Exercise brief ▸ Skip the pictures and write out, word for word, the lines below from the one with "ボードゲーム レビュー 評価" through the one with "Lambert & Butler", inclusive.

Task material ▸
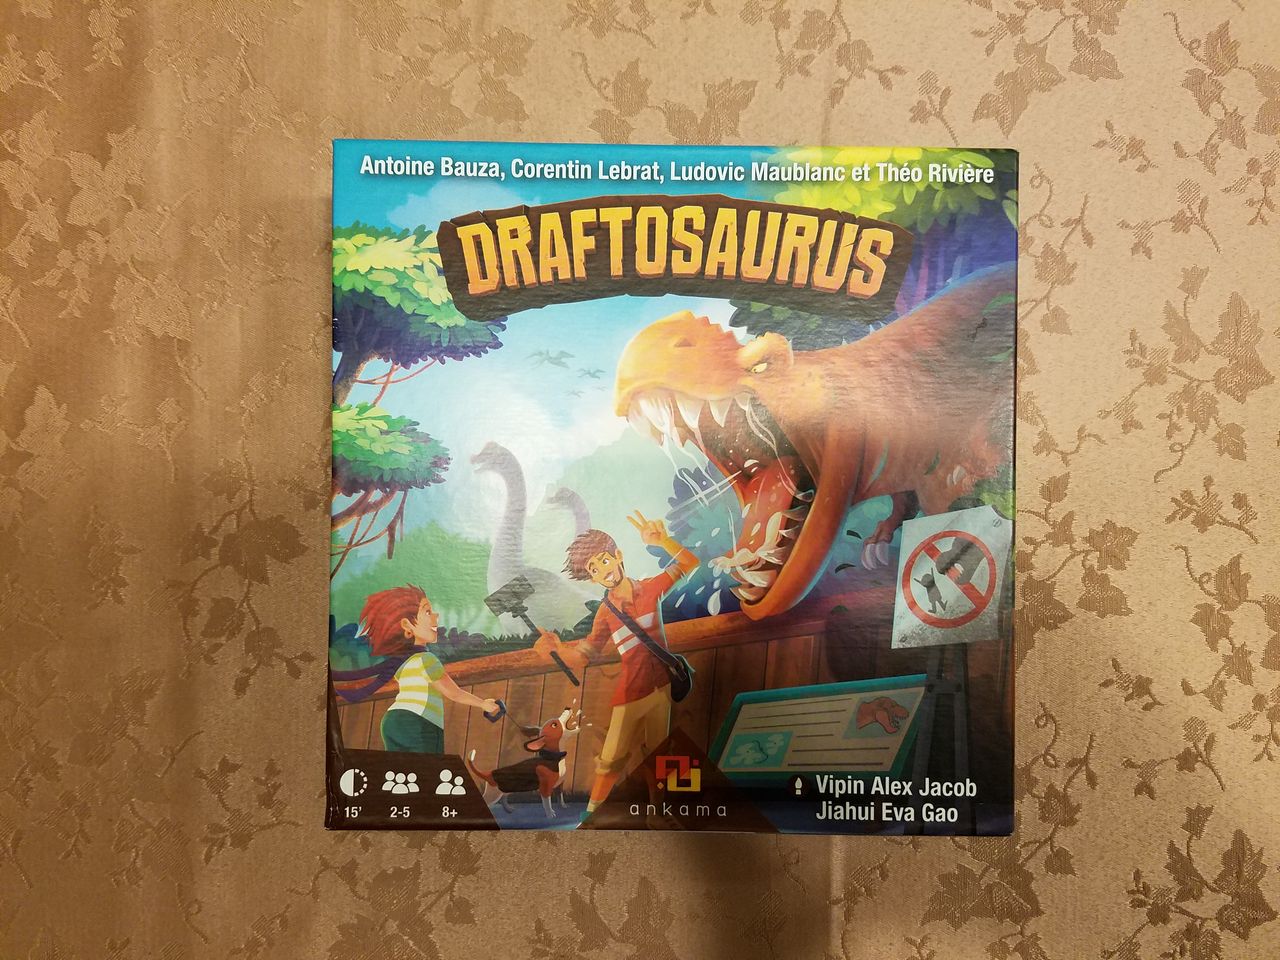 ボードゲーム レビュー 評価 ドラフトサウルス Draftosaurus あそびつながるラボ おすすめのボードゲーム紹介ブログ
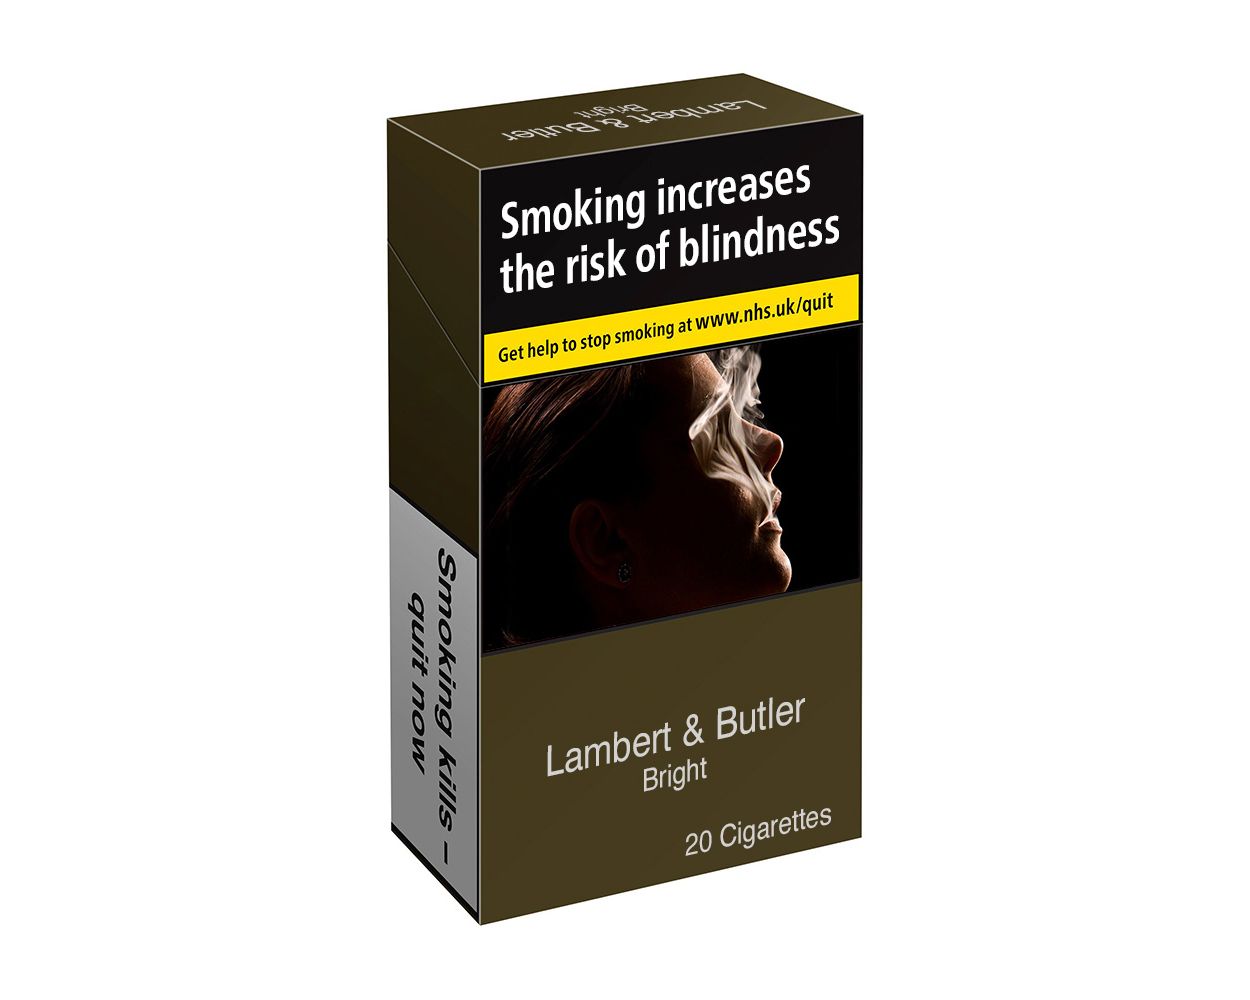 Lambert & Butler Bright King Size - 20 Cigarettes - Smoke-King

* * *

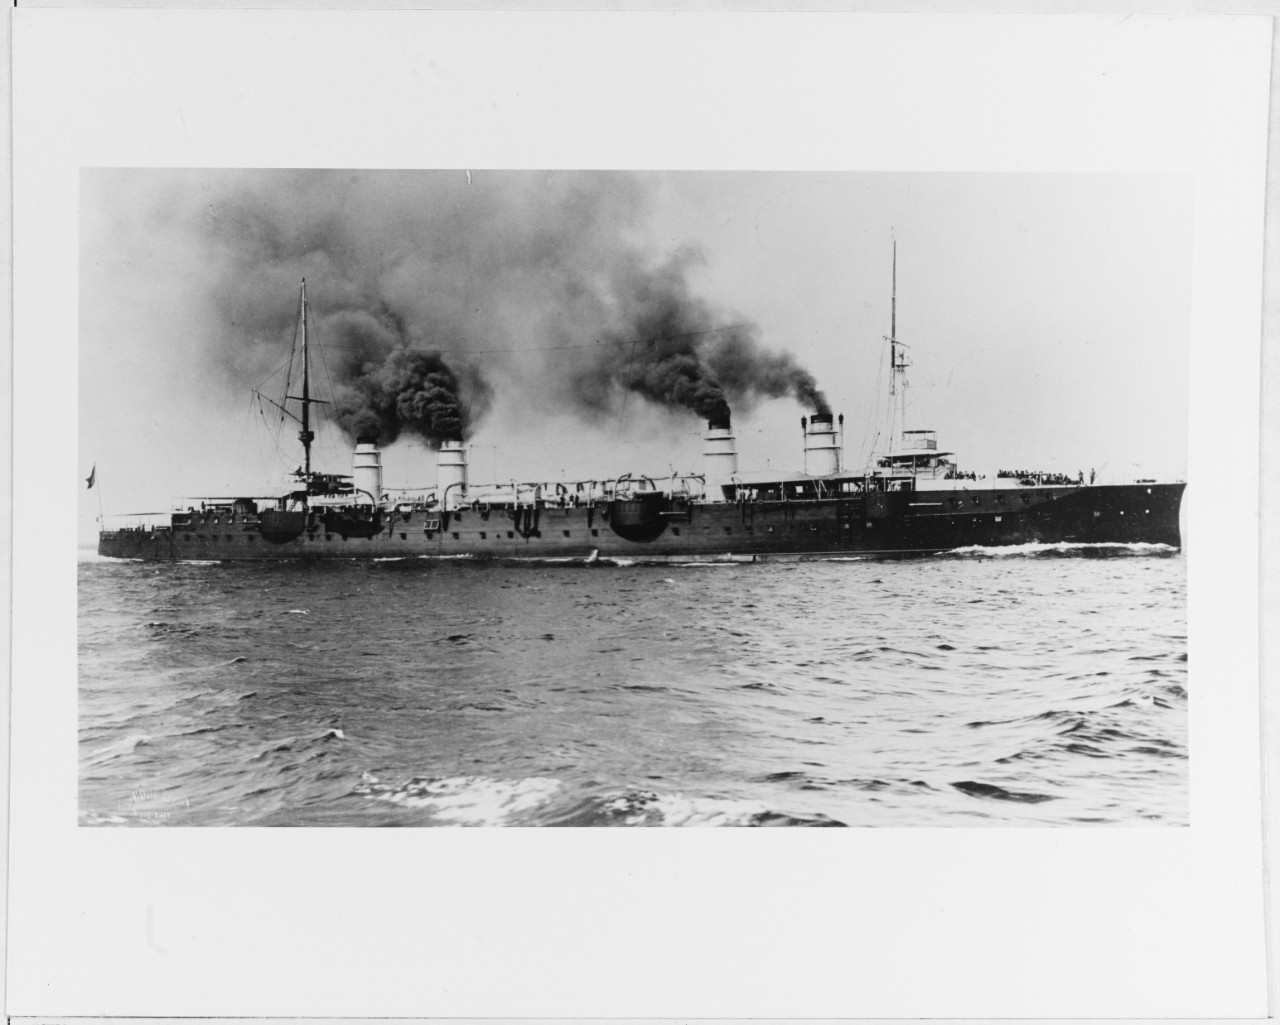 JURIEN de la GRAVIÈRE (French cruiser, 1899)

Exercise solution ▸
 ボードゲーム レビュー 評価 ドラフトサウルス Draftosaurus あそびつながるラボ おすすめのボードゲーム紹介ブログ
 Lambert & Butler Bright King Size - 20 Cigarettes - Smoke-King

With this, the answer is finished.